Amelia laughed before she could stop herself, feeling slightly hysterical as she looked over to him. “You have to be kidding me.”
“Not even a little.”
She ignored him and looked back to the daggers. “We should get the team in here,” Amelia said excitedly, “and begin documenting this place, what we’ve found. We could disrupt their power if we move them.”
Silas glanced down at his watch. “And we should be heading back, it’s going to be dark too soon for my liking. I’d rather not be wandering the ruins when that happens.”
Amelia nodded her agreement. “Alright, let’s—”
The rumbling started around them once again, and she couldn’t stop the groan of frustration and fear that left her throat. They both looked around as the deep sound thundered in her ears, right before the ground began to shake.
Silas swore as they both stumbled on the rocking surface of the dais.
Amelia lost her balance and grabbed for the pedestal, her hands entering the orb of magical light surrounding the daggers. The sense of something entering her elicited a loud, unrestrained gasp. It started as a stillness, like a breath held for too long. Then it poured into her, threads of heat lacing through her veins, burning in her blood.
It didn’t just feel like an energy, as she might have expected. It was something alive, writhing with intent, like it wanted something from her.
The pedestal rocked roughly under her hands.
She was breathing heavily, trying not to picture the roof caving in on her from above.
A sharp sound, stone on stone, crunched before her, and Amelia’s eyes widened as she realised the pedestal was crackingapart. It split between her hands and tore apart just as she cried out with shock, stumbling back.
“The ground!” Silas cried out with alarm.
Amelia’s body lurched sideways, the stones under them tearing in two and shifting apart. She screamed as she staggered away from the hole that was yawning open.
She looked over just as the light from the daggers winked out and began to shift slowly towards the crevice with the incessant swaying of the pedestal.
“Finley!” Amelia said, panicked. “The daggers will fall in!”
They were on opposite sides of the split, and so they both lunged towards their halves of the pedestal, a dagger laying on each side while moving precariously towards the gaping drop.
She reached for the black dagger, her fingers curling around the gleaming hilt as she pulled it away from the breaking stone. Silas grabbed for the silvery-gold dagger, plucking it to safety and then they both blundered backwards, away from the wide hole that separated them.
Amelia lost her footing, tripping, and falling down the top step of the dais. She fell hard onto her hip with a hiss of pain, gripping the dagger tightly in one hand. There was a sharp pain on the palm of her left hand as she reached out to stabilise herself.
In the next moment, the quake was over, and she sat sprawled out on the top step, panting, and trying to catch her breath amidst the cloying panic.
She looked at Silas, who had fallen several metres away. He was watching her, too, his chest heaving.

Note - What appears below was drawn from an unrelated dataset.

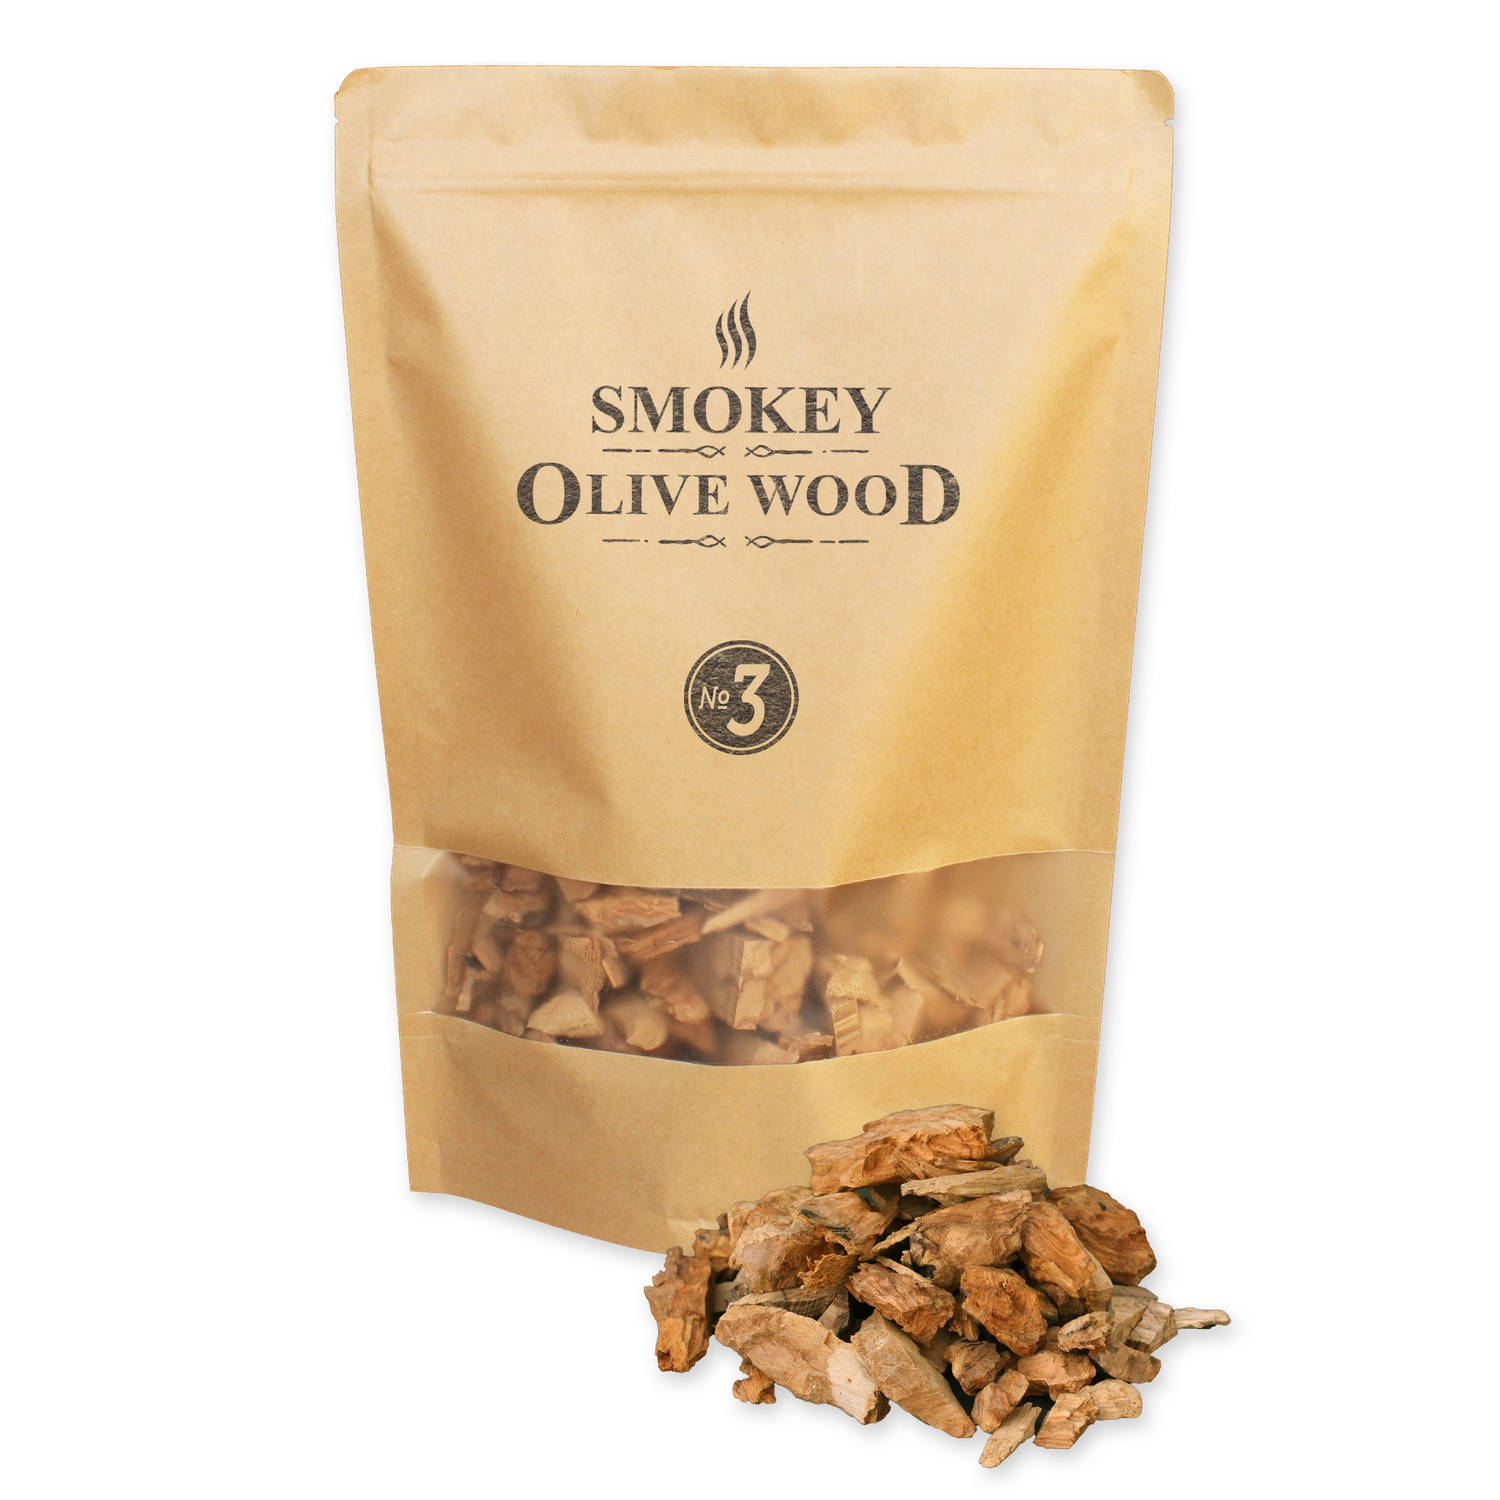 Smokey Olive Wood - Houtsnippers - 1,7L - Olijfhout -  Chips grote maat ø 2cm-3cm

“Can we get out of here?” Amelia asked weakly.
He nodded quickly. “Yes, let’s.”
She stood shakily, feeling jumpy from the constant spikes of adrenaline. She looked down at the black blade of the daggerin her hand, holding it carefully. It was then she noticed the small line of blood across the edge.
Frowning with confusion, she lifted the blade to inspect it closely. Definitely blood.
Amelia turned over her left hand, where she had felt the slight sting and found the long, slim line of a clean wound across her palm.
“Oh,” she whispered, numb with shock.
A cold shiver seemed to run up her arm, spreading through her veins like the chill of night. Her vision blurred at the edges as she stared at the cut, and for an out-of-body moment, she could feel her stuttering heartbeat pulsate in time with something else, something that did not belong to her at all.
The pain and bizarre feeling subsided as quickly as it had come.
“Finley, I—” Amelia started, not sure how to explain that she had somehow injured herself with a magical blade cut from the Southern Monolith, but when she turned, Silas was staring down at his own hand, face pale with shock.